Aus Thessaloniki berichtet

Griechenlands Privatisierungsfonds hat neue Chefs, ihre Aufgabe ist noch immer gewaltig: Nur ein Bruchteil der angekündigten Verkäufe von Staatsbesitz wurde bislang umgesetzt. Warum die Privatisierer nicht vorankommen, zeigt sich im Hafen von Thessaloniki.

Griechische Privatisierungsdebatte: Ein bisschen Hafen zu verkaufen Fotos
AP

Das Tafelsilber von Thessaloniki funkelt. Die Mittagssonne brennt auf Pier Nummer eins. In einem klimatisierten Büro sitzt Konstantinos Papaioannou, spricht über Umschlagzahlen und das wachsende Kreuzfahrtgeschäft. Dann sagt der Vizechef der Hafenbehörde den entscheidenden Satz: "Wir brauchen ein bisschen Zeit."

Wenn es etwas gibt, das Griechenland noch weniger hat als Geld, dann ist es Zeit. Weil die Reformen stocken, stehen weitere Finanzhilfen in Frage, und ohne die droht dem Land bereits im August die Pleite. Das wohl größte gebrochene Reformversprechen Griechenlands: die Ankündigung aus dem April 2011, mit Privatisierungen innerhalb von vier Jahren 50 Milliarden Euro einzunehmen.

Gut ein Jahr später kann der eigens gegründete staatliche Privatisierungsfonds nur 1,8 Milliarden Euro an Erlösen vorweisen, zuletzt war die Behörde sogar handlungsunfähig.

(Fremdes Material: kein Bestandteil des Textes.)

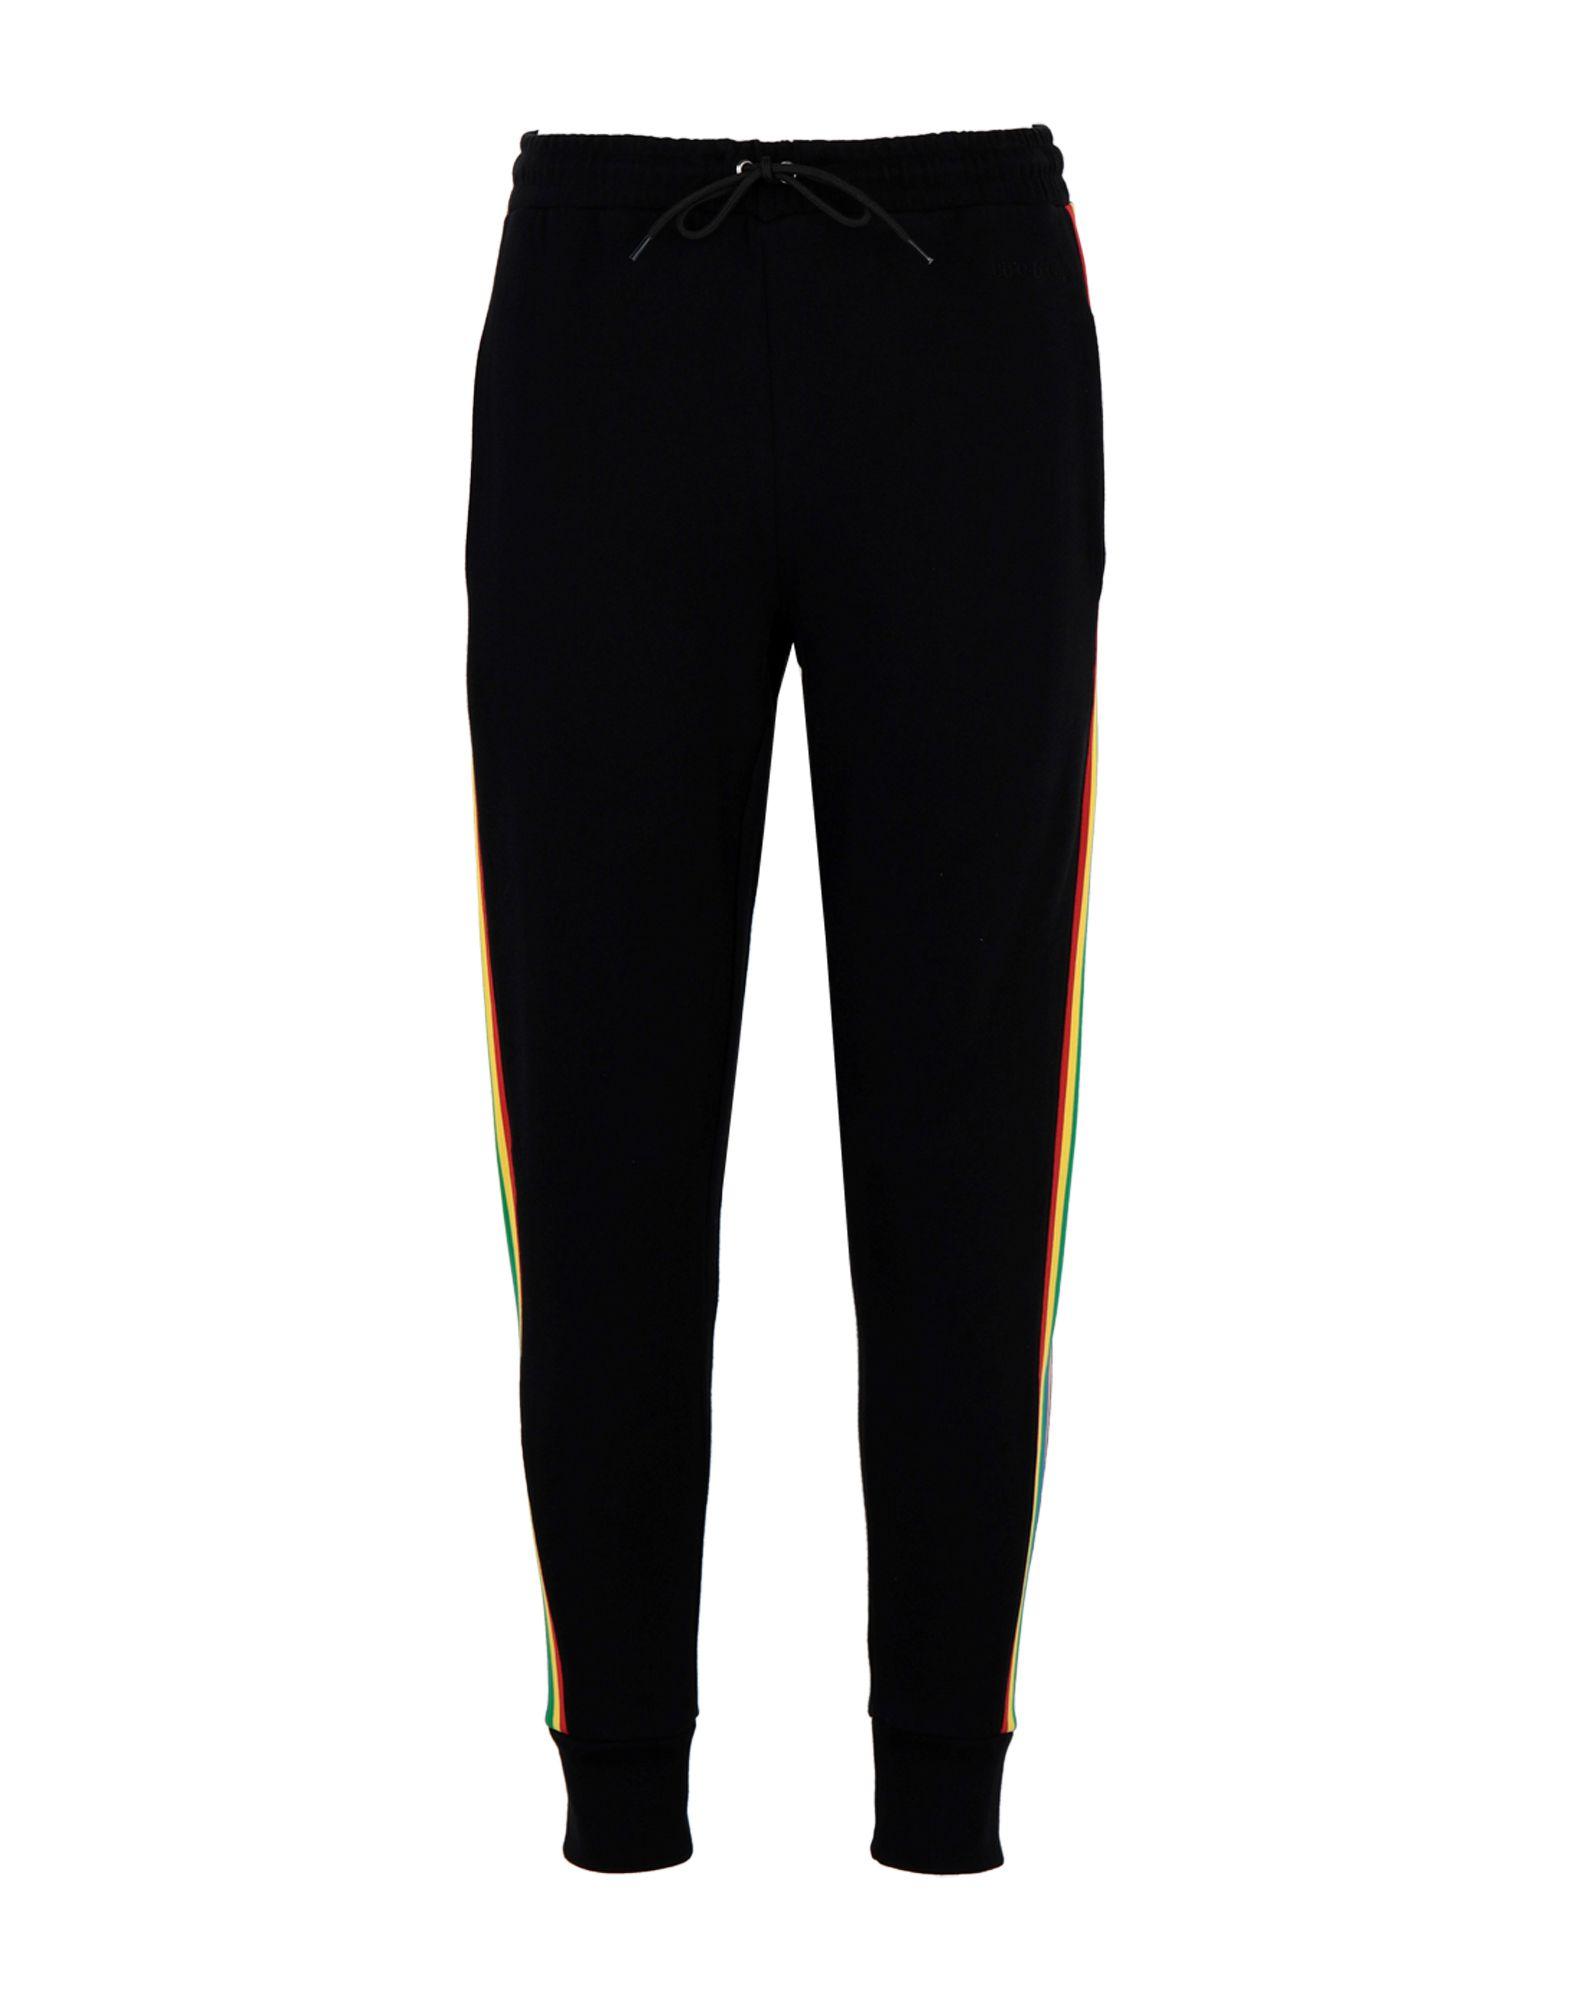 Pantalone Être Cécile Rib Fleece Track Pants - damen - 13253303PC

Erst trat Verwaltungsratschef Ioannis Koukiadis zurück, kurz darauf der Geschäftsführer Kostas Mitropoulos. Am Mittwoch wurden die Nachfolger bekannt: Neuer Geschäftsführer wird der Investmentbanker Giannis Emiris, neuer Verwaltungsratschef der Toyota-Manager Takis Athanasopoulos. Ihre Zielvorgabe ist stark geschrumpft: Inzwischen peilt der Fonds noch Einnahmen von neun Milliarden Euro an.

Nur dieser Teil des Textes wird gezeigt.